===== DATA BELOW

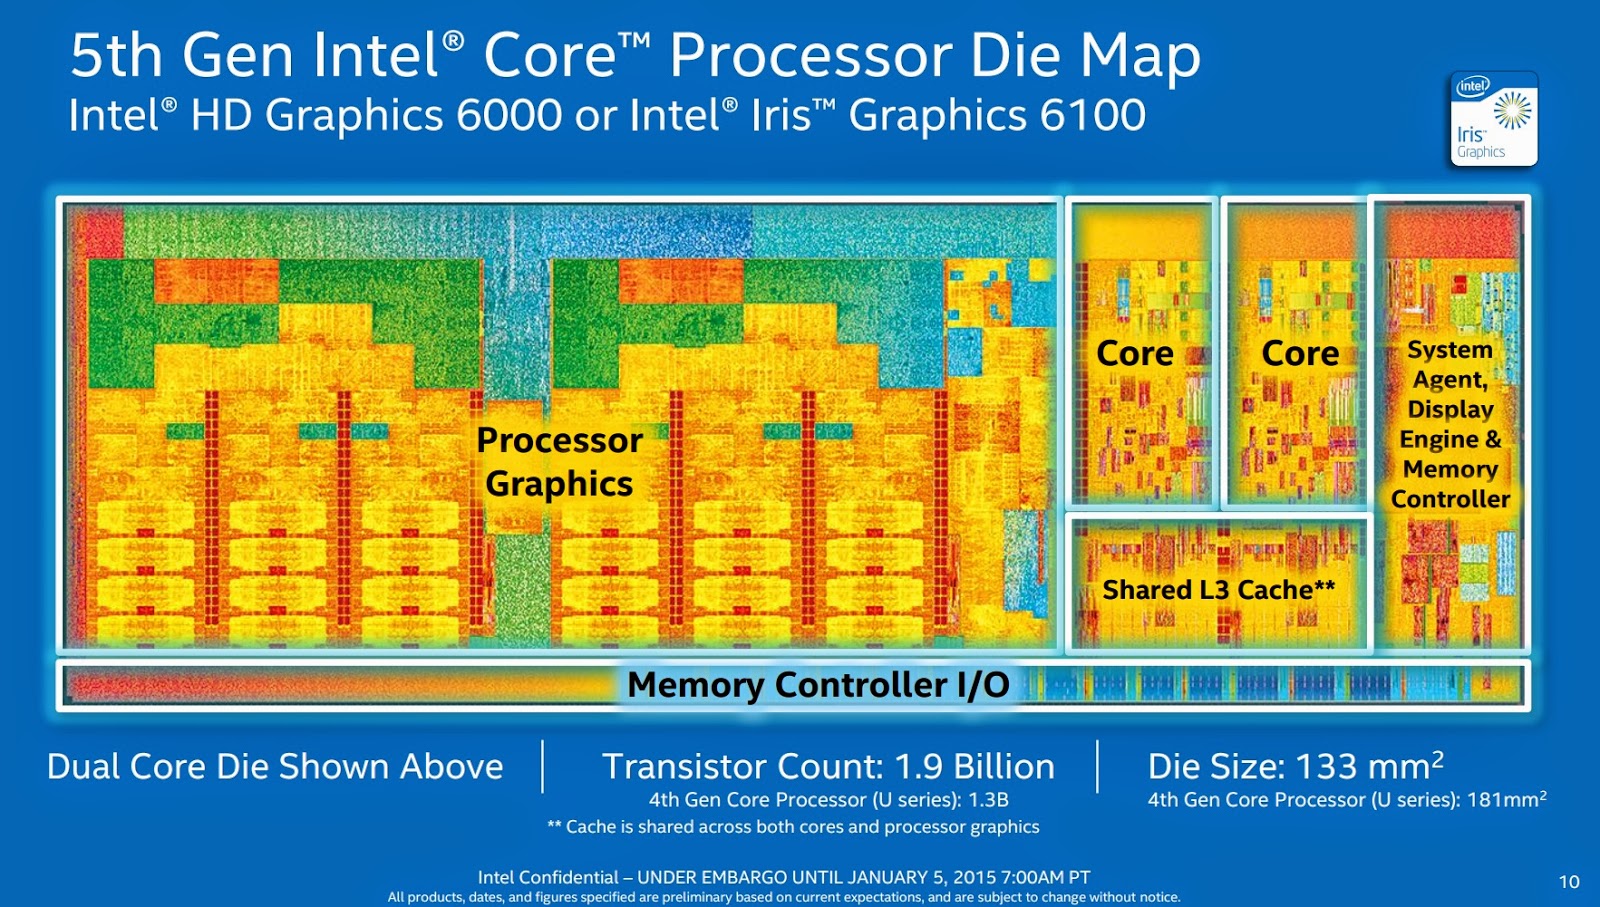 Intel unveils new Broadwell chips bound for Appleâ€™s MacBook Pros and that rumored Retina Air
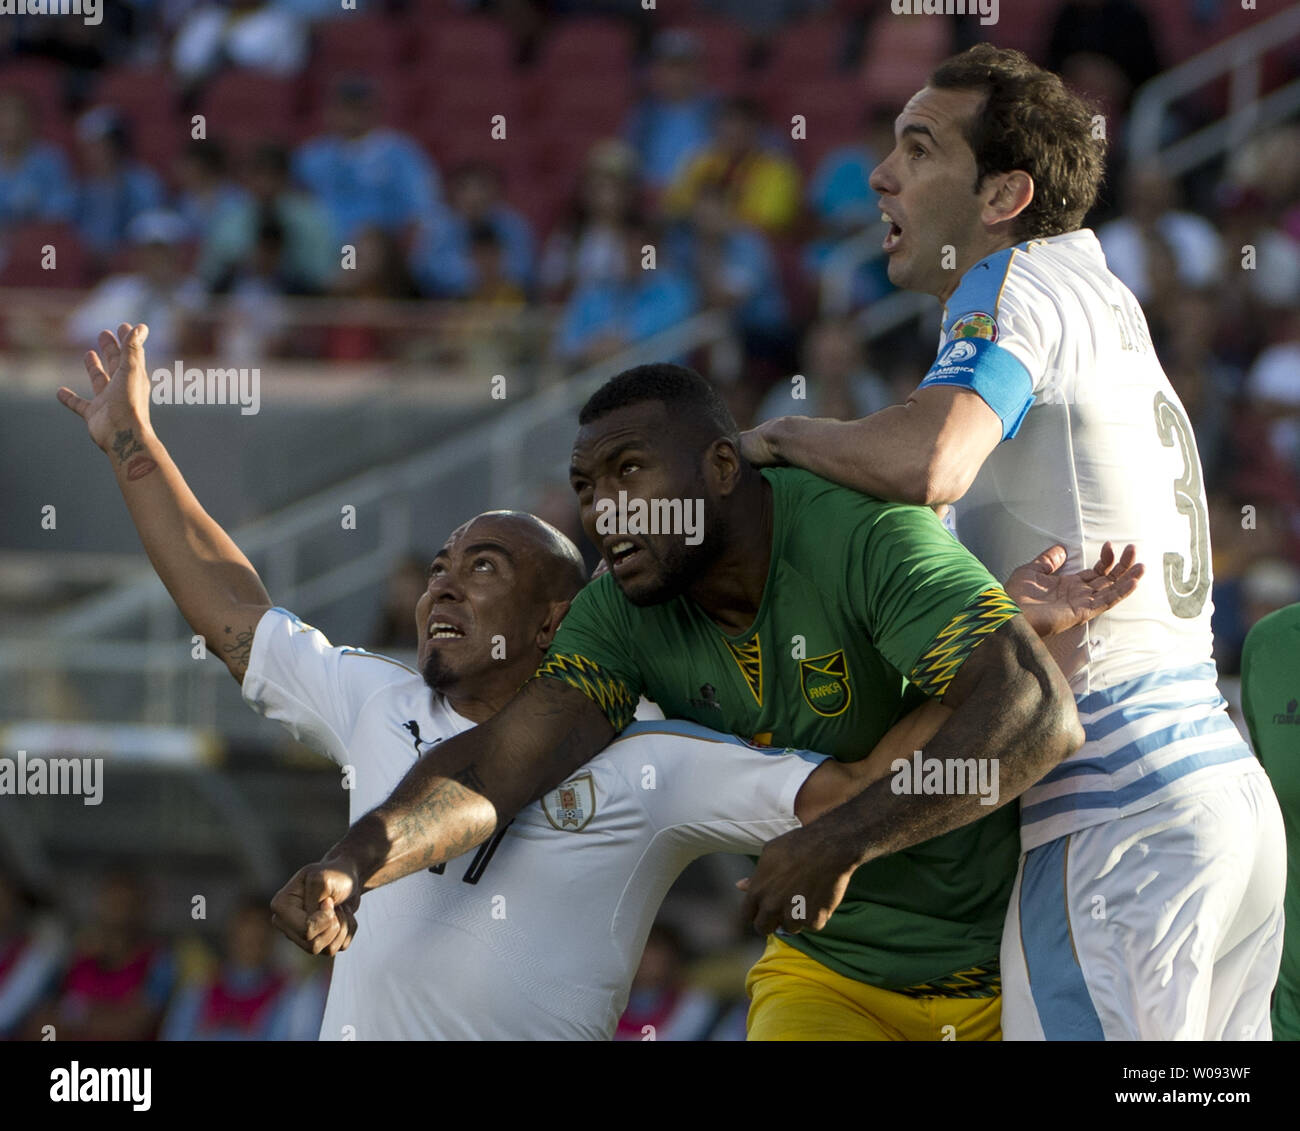 Jamaica's Westley Morgan (C) gets squeezed between Uruguay's Raul Arevlo Rios (L) and Diego Godin on a corner kick in the first half at COPA America Centenario at Levi's Stadium in Santa Clara, California on June 13,  2016.  Uruguay won 3-0.    Photo by Terry Schmitt/UPI Stock Photo
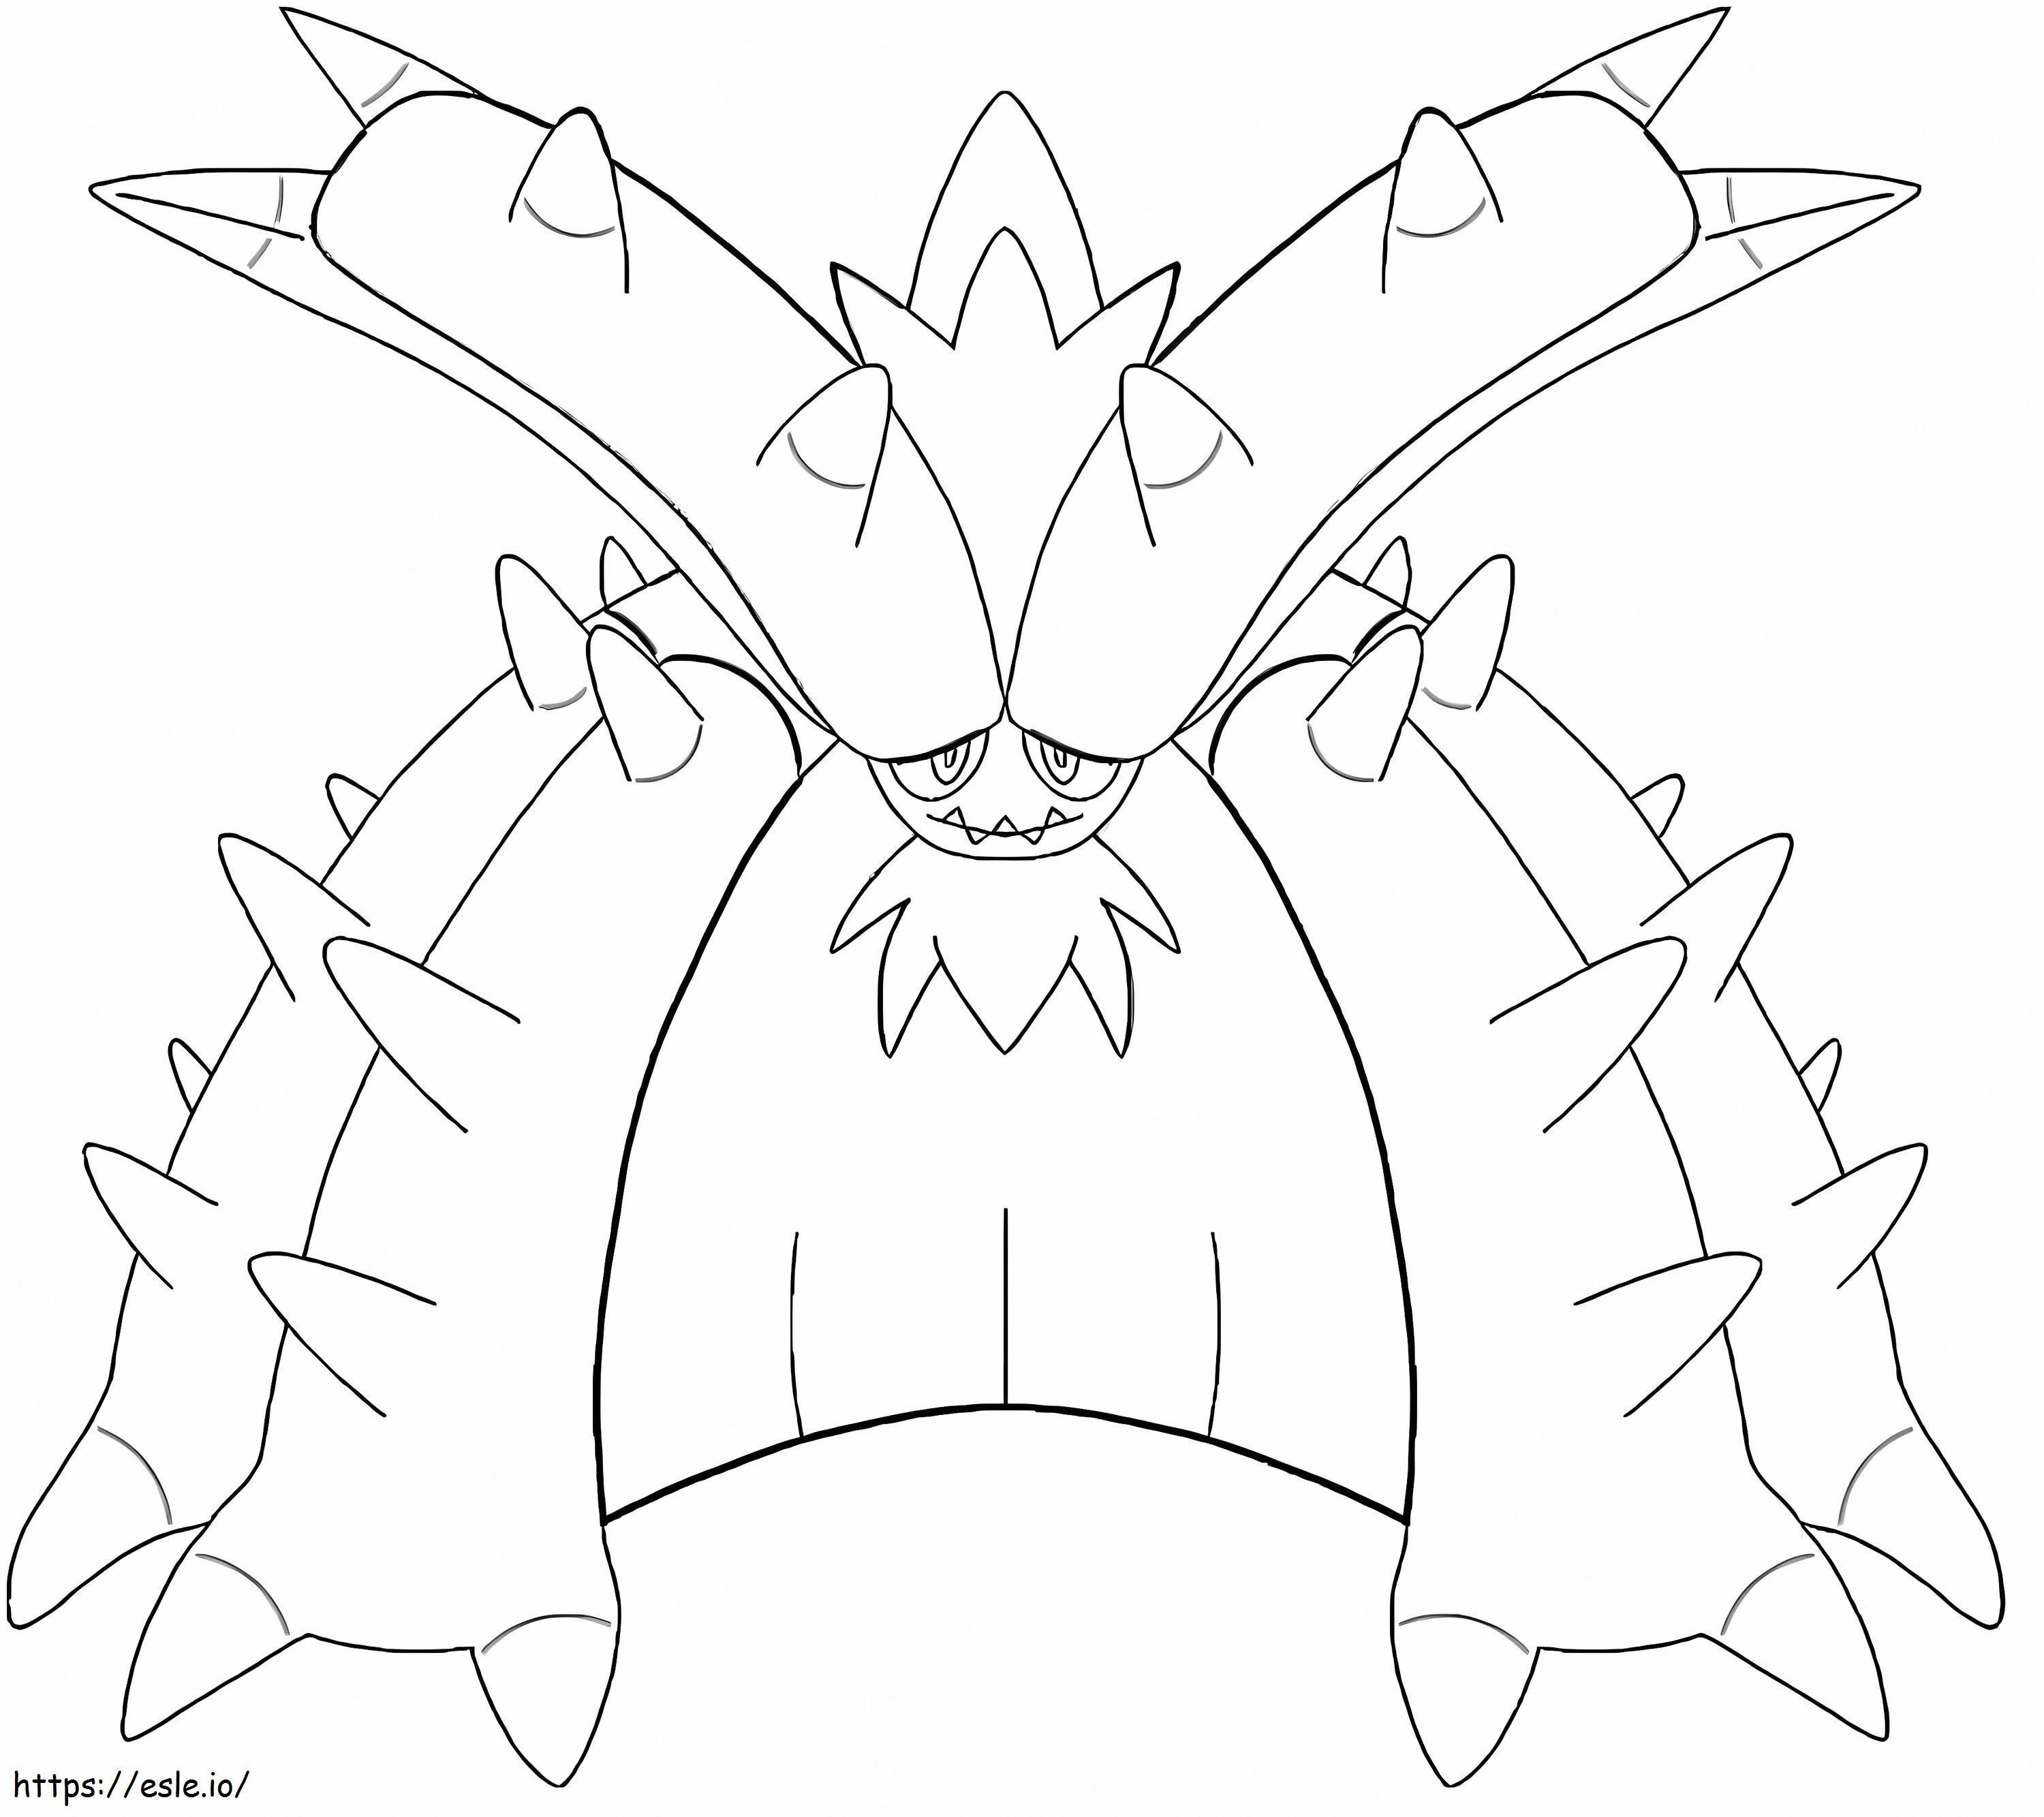 Toxapex Pokemon 3 coloring page
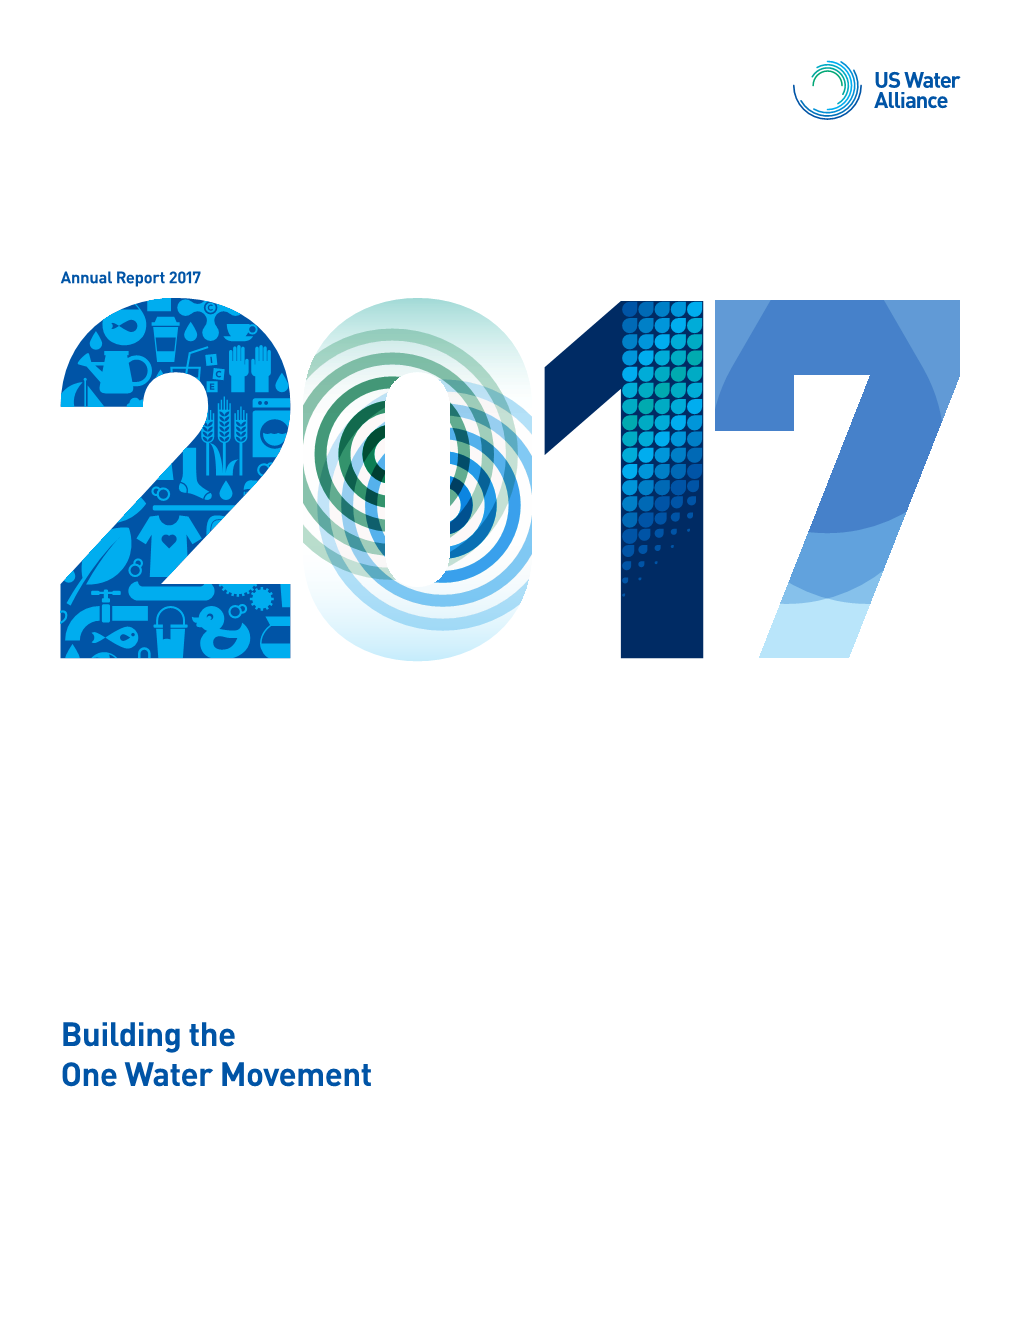 Building the One Water Movement

==========

### EXERCISE OBJECTIVE
Pictures are to be dropped, and the lines from the line with "Jamaica's Westley Morgan" through the end of the material above are to be reproduced exactly.

### YOUR RESPONSE
 Jamaica's Westley Morgan (C) gets squeezed between Uruguay's Raul Arevlo Rios (L) and Diego Godin on a corner kick in the first half at COPA America Centenario at Levi's Stadium in Santa Clara, California on June 13,  2016.  Uruguay won 3-0.    Photo by Terry Schmitt/UPI Stock Photo
 Toxapex Pokemon 3 coloring page
 Building the One Water Movement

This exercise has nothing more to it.